The CUNA letter noted that 97% of the country’s approximately 90 million credit union members belong to a credit union that issues debit cards. Eighty-three percent belong to a credit union that issues credit cards. “Credit unions can offer these products because of interchange, the transaction fee that flows from the merchant, through its bank, to the credit union that issued the card to the consumer. “Interchange helps the credit union cover its expenses and losses. Merchants benefit as they are guaranteed payment at the time the transaction is completed,” Mica wrote. But now, Mica pointed out, merchants want more and are pushing for H.R. 5546. “Under H.R. 5546, merchants win and consumers lose. Consumers will lose as credit unions reassess their ability to offer convenient debit cards and competitive credit cards as interchange is reduced under the provisions of H.R. 5546. “In addition, any reduction in interchange is not passed through to the consumer. Only the merchants win under H.R. 5546,” the CUNA leader warned.
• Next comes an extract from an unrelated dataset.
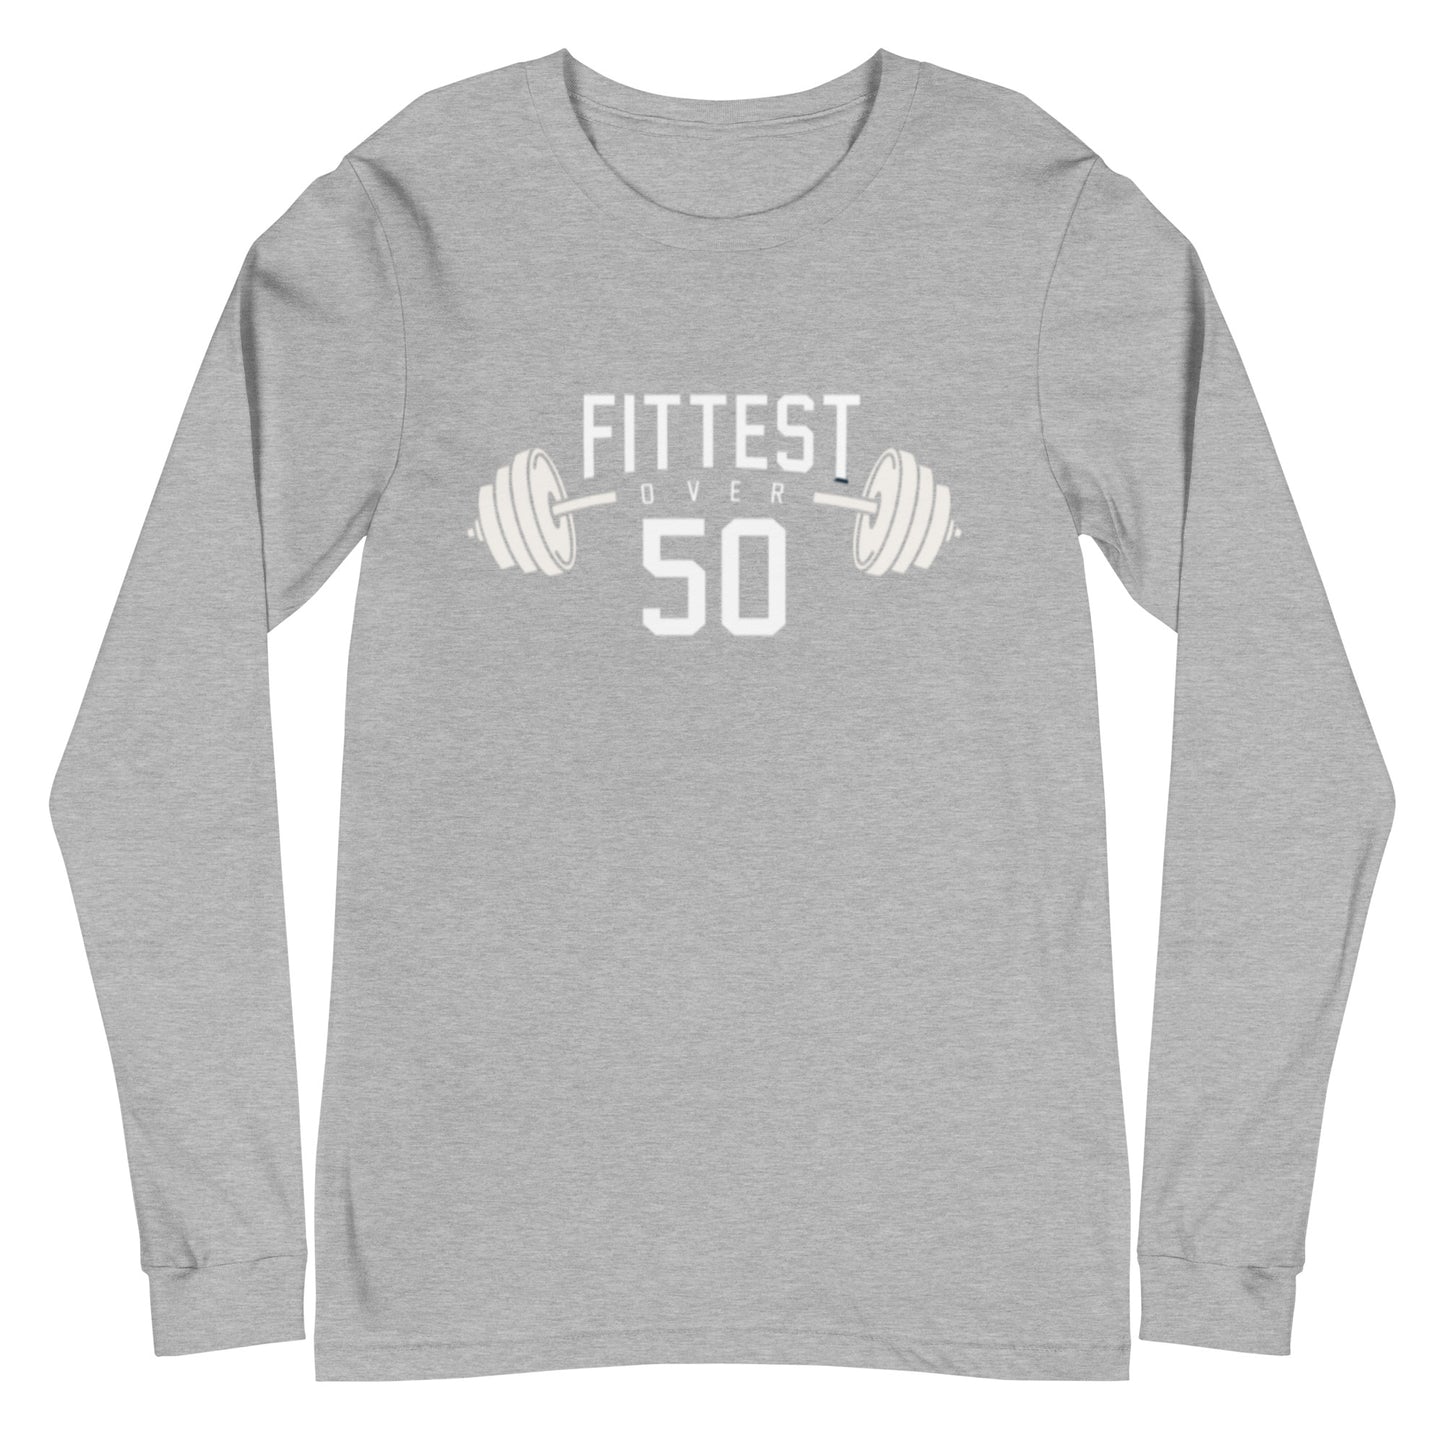 Fittest Over 50 Men's Long Sleeve Tee

H.R. 5546 has a companion bill (S. 3086) of the same name pending action in the Senate. Additionally, Rep. Peter Welch (D-Vt.) has introduced a bill to require credit card companies to disclose their interchange rates, terms, and conditions to consumers and businesses. CUNA, all members of the Electronic Payments Coalition and the U.S. Department of Justice are among opponents of the "fair fee" legislation. CUNA believes regulation of interchange fees would not only harm consumers but also would adversely affect competition and technology innovation.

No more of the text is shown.